• **DESCRIPTION OF THE TASK**
A verbatim copy of the data is wanted, minus any picture in it.

DATASET EXTRACT below:

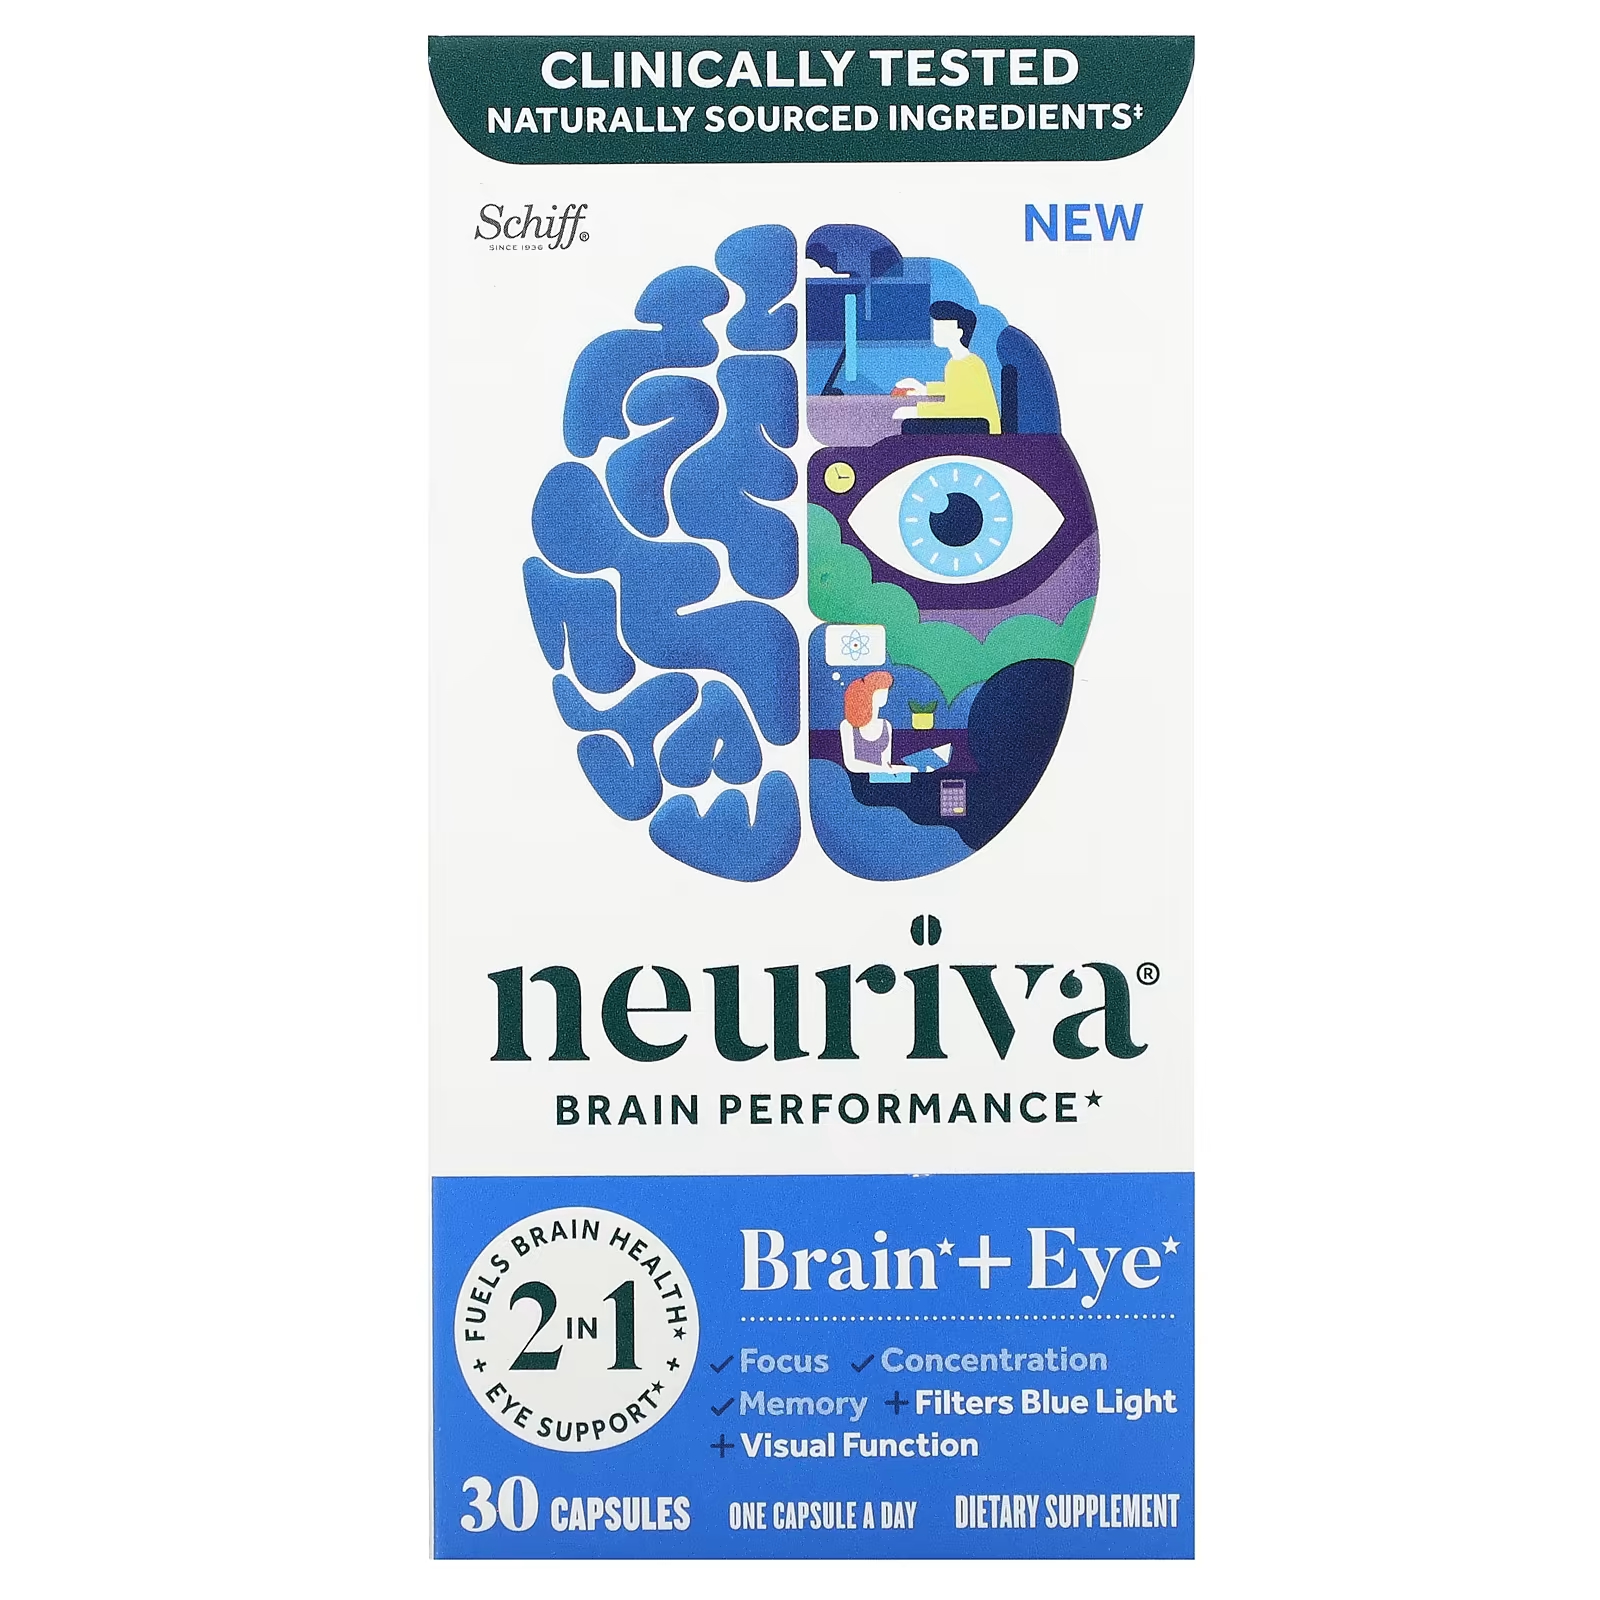 Мультивитамины Schiff Neuriva Brain Performance, 30 капсул schiff neuriva brain performance plus 30 capsules
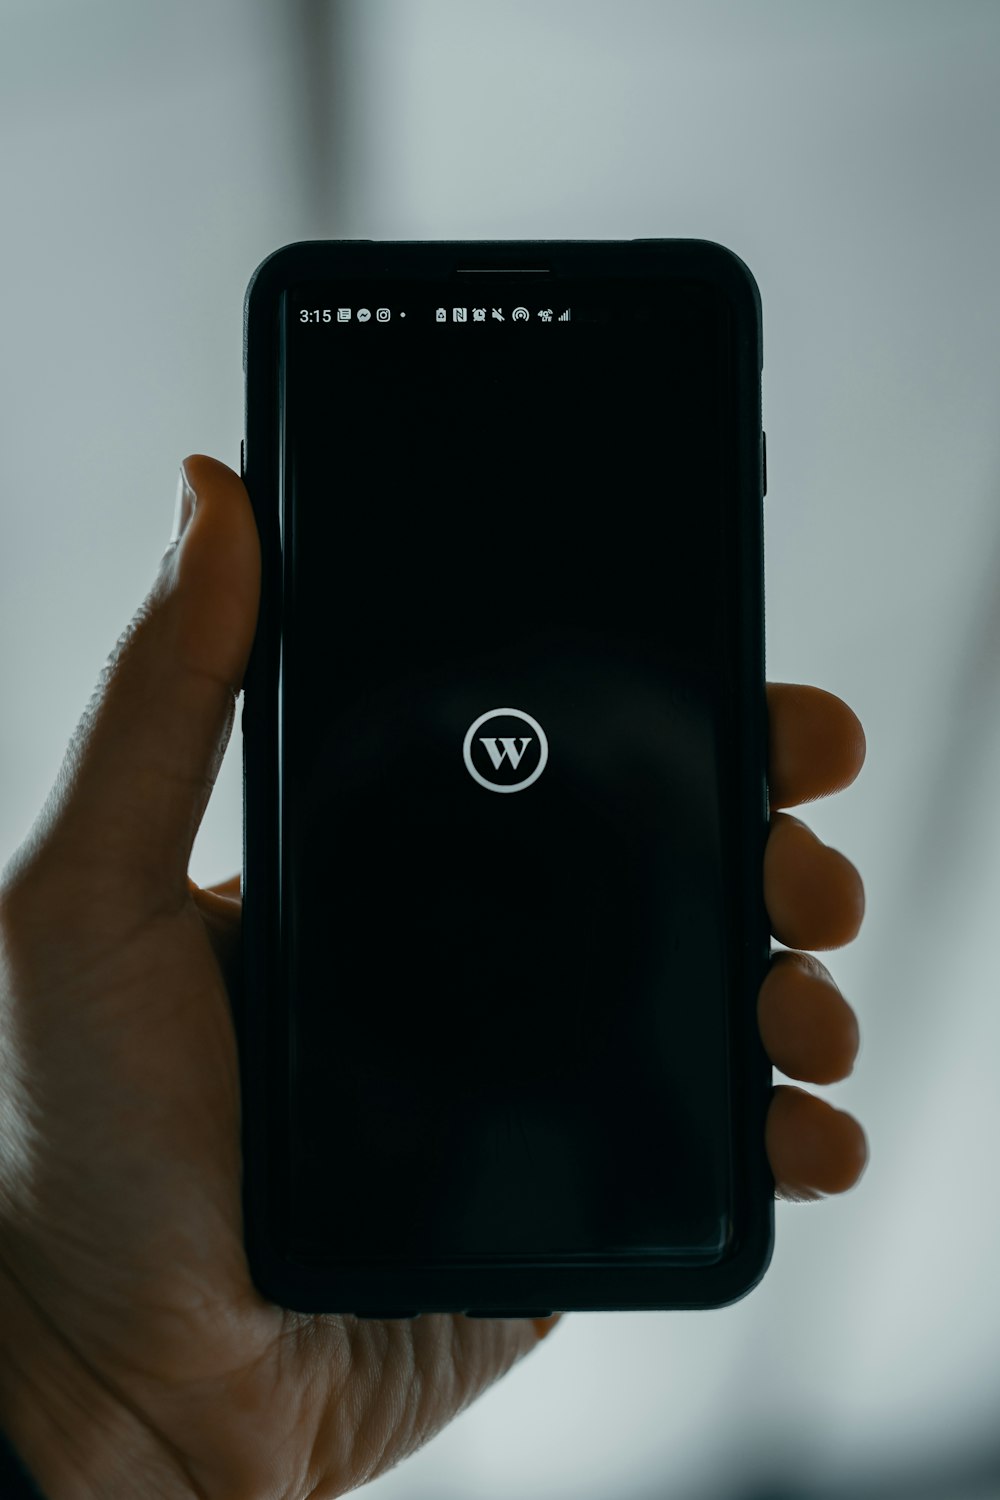 Black lg android smartphone turned on displaying 9 photo – Free Canada  Image on Unsplash
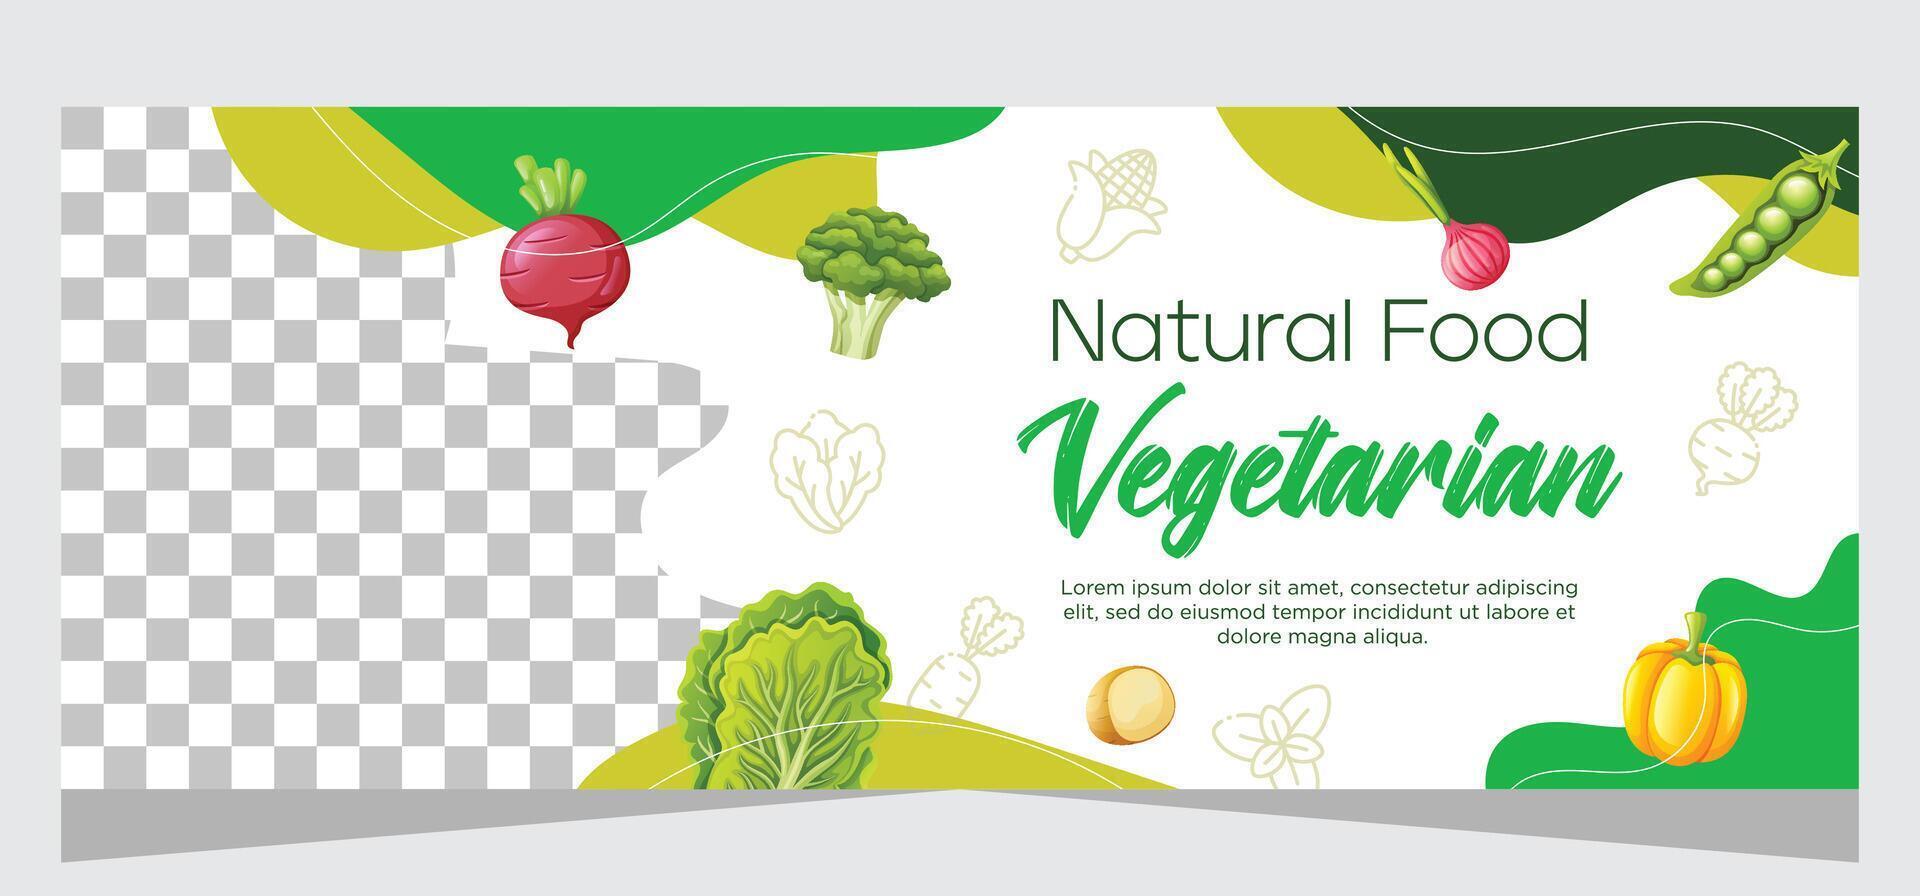 vegetariano horizontal bandera modelo diseño vector

End of DATASET EXTRACT.

• **RESPONSE TO THE EXERCISE**
 Мультивитамины Schiff Neuriva Brain Performance, 30 капсул schiff neuriva brain performance plus 30 capsules
 Black lg android smartphone turned on displaying 9 photo – Free Canada  Image on Unsplash
 vegetariano horizontal bandera modelo diseño vector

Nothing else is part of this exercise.